● WHAT IS NEEDED
In the entries below, begin at the line that has "D301 - High-Ranking" and stop after the line that has "Imani The Lesbian"; output those lines exactly, leaving out pictures.

● DATA TO USE

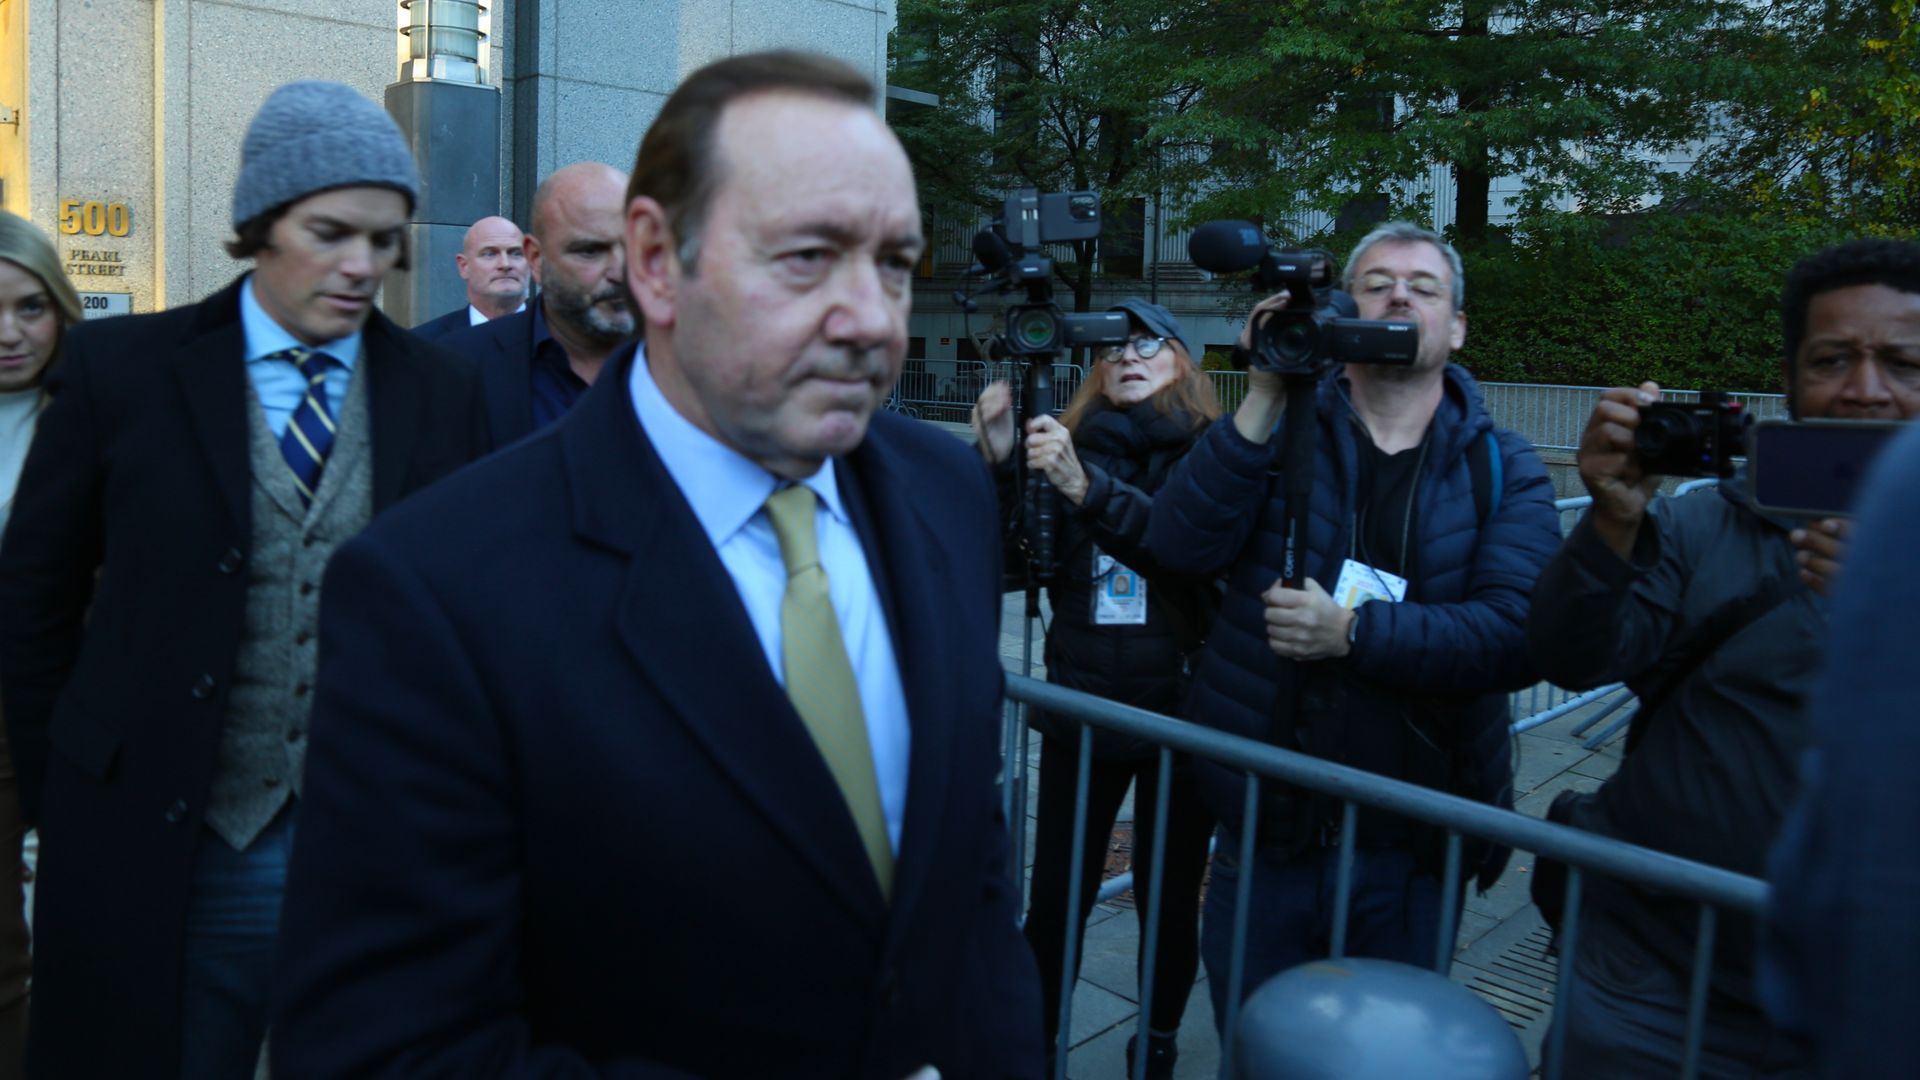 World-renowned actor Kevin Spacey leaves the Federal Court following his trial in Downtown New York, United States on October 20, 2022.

==

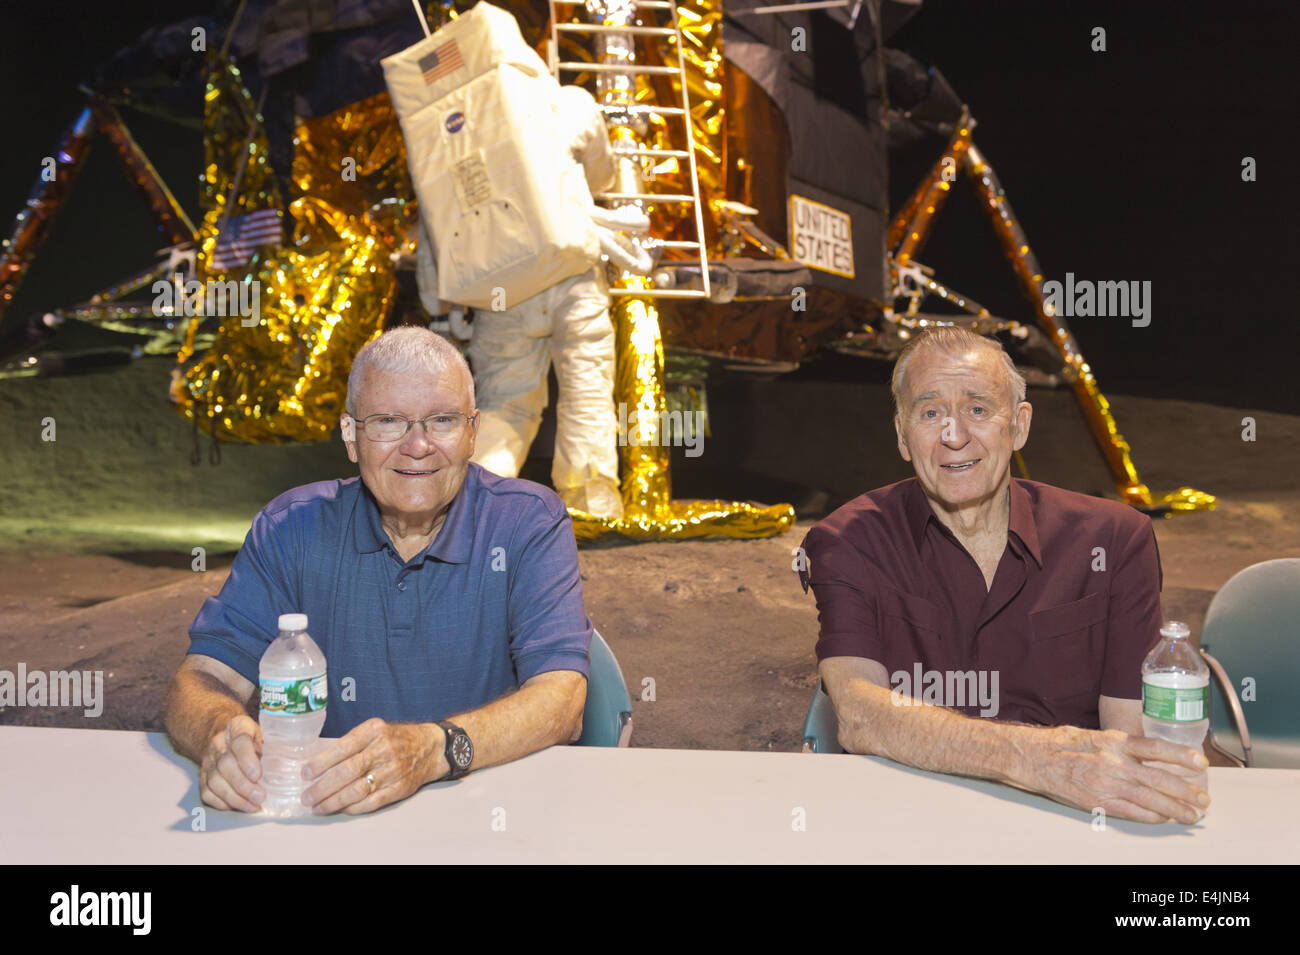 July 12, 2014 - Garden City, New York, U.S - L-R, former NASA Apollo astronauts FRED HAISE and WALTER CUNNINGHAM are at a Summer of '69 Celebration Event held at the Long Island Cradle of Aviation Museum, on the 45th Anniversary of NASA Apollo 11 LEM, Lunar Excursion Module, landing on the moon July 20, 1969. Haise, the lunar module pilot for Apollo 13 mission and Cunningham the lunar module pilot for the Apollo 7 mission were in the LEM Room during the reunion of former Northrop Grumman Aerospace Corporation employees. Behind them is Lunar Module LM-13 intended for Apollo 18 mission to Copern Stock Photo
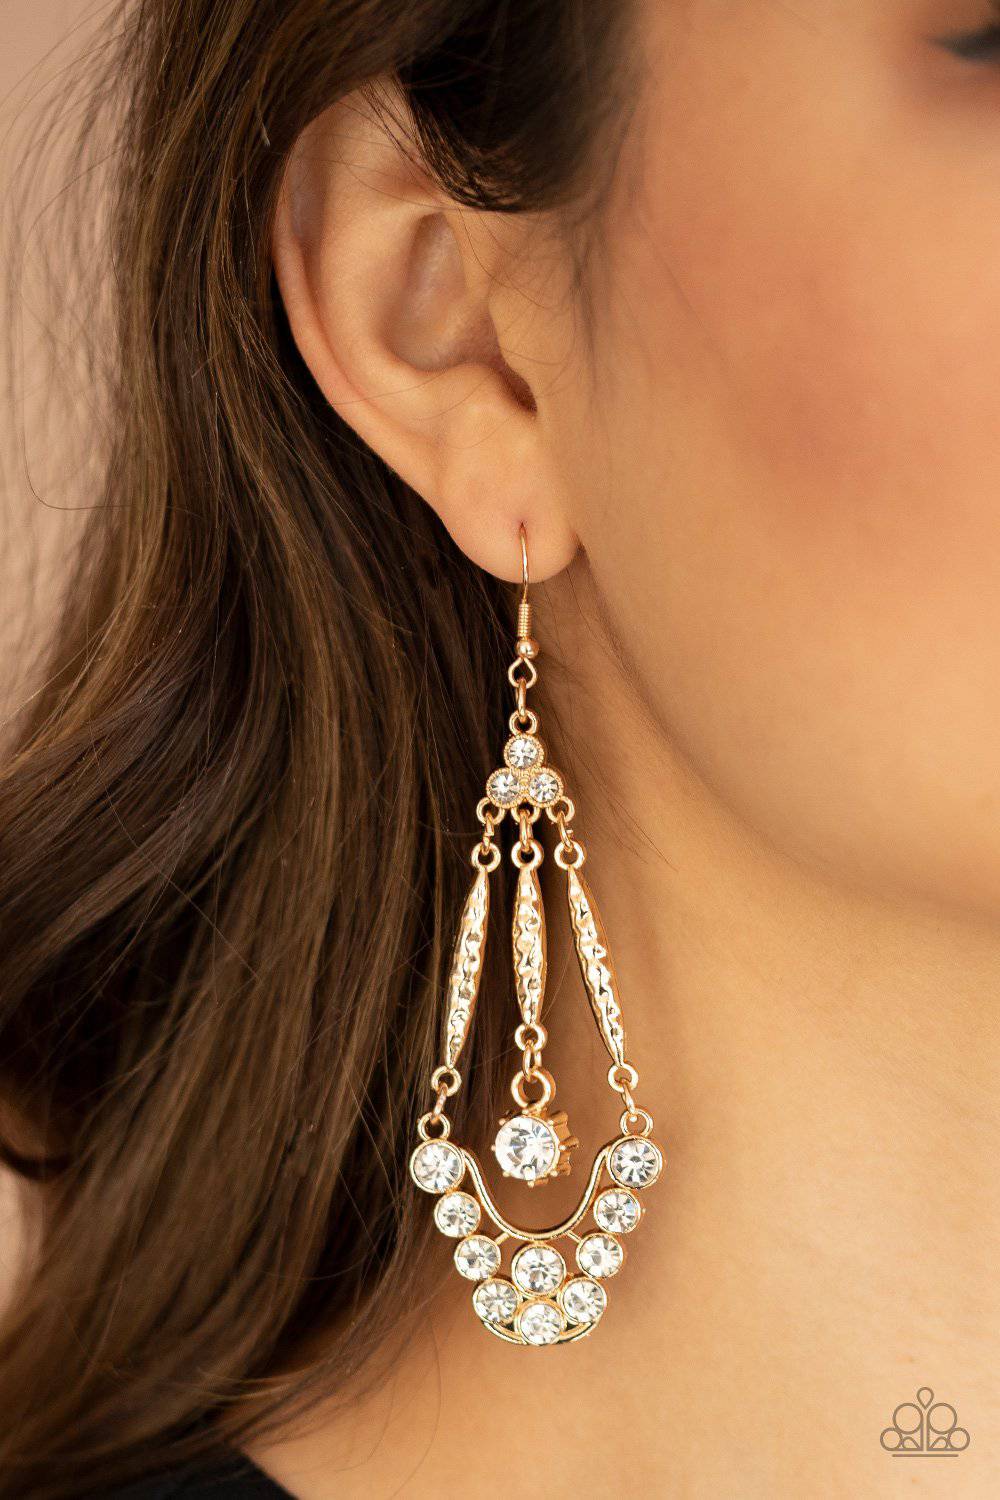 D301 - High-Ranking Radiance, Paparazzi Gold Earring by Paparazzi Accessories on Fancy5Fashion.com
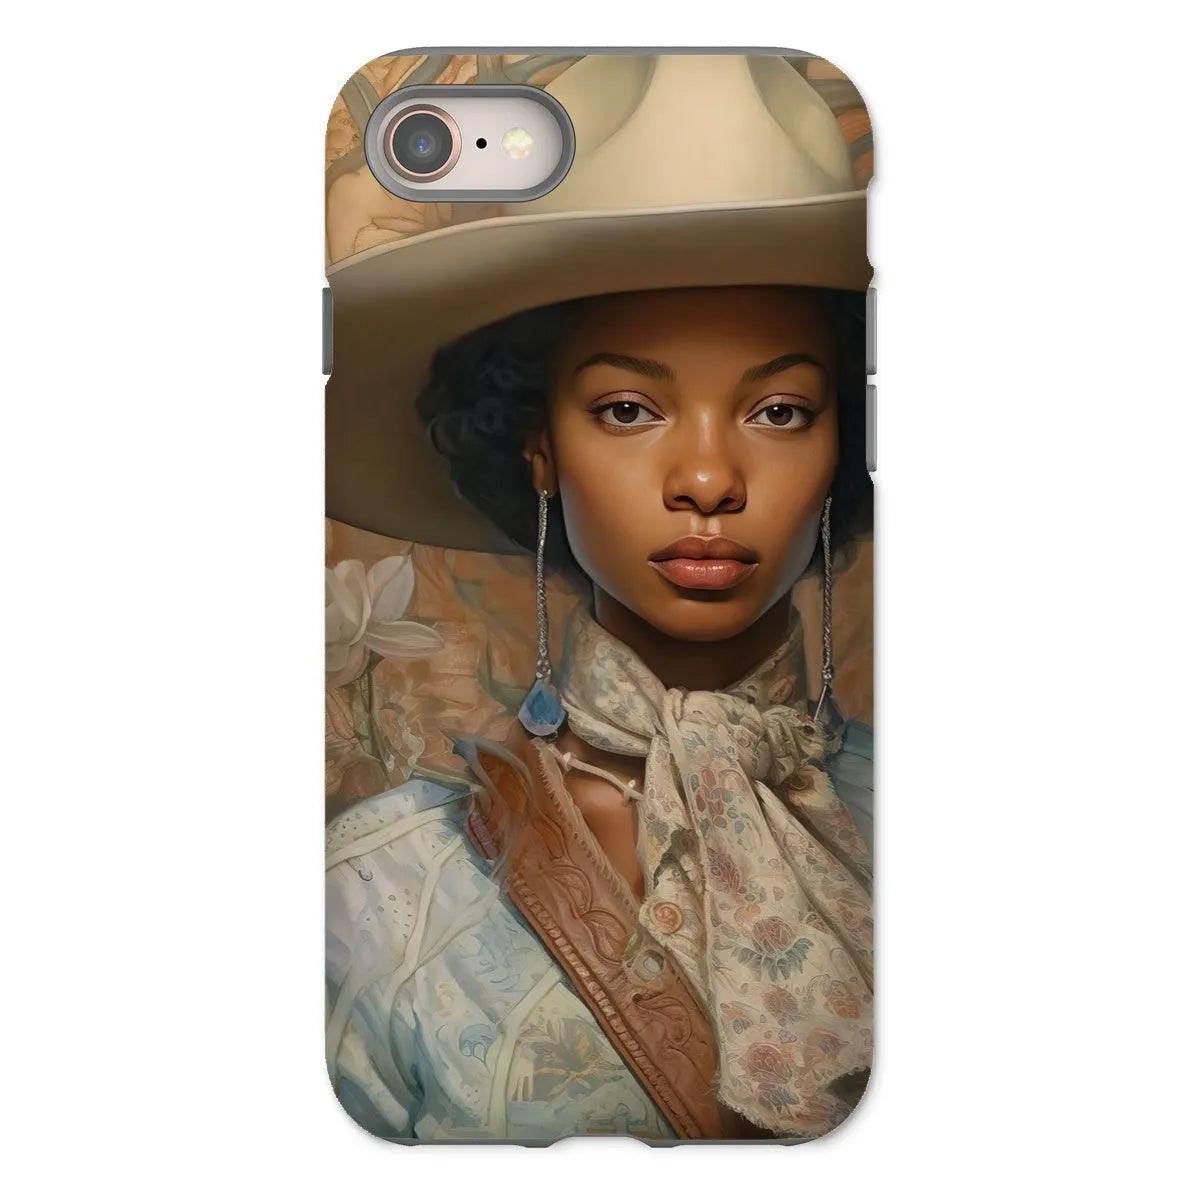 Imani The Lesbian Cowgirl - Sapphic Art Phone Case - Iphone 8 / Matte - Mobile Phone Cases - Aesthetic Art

● WRITTEN ANSWER
 D301 - High-Ranking Radiance, Paparazzi Gold Earring by Paparazzi Accessories on Fancy5Fashion.com
 Imani The Lesbian Cowgirl - Sapphic Art Phone Case - Iphone 8 / Matte - Mobile Phone Cases - Aesthetic Art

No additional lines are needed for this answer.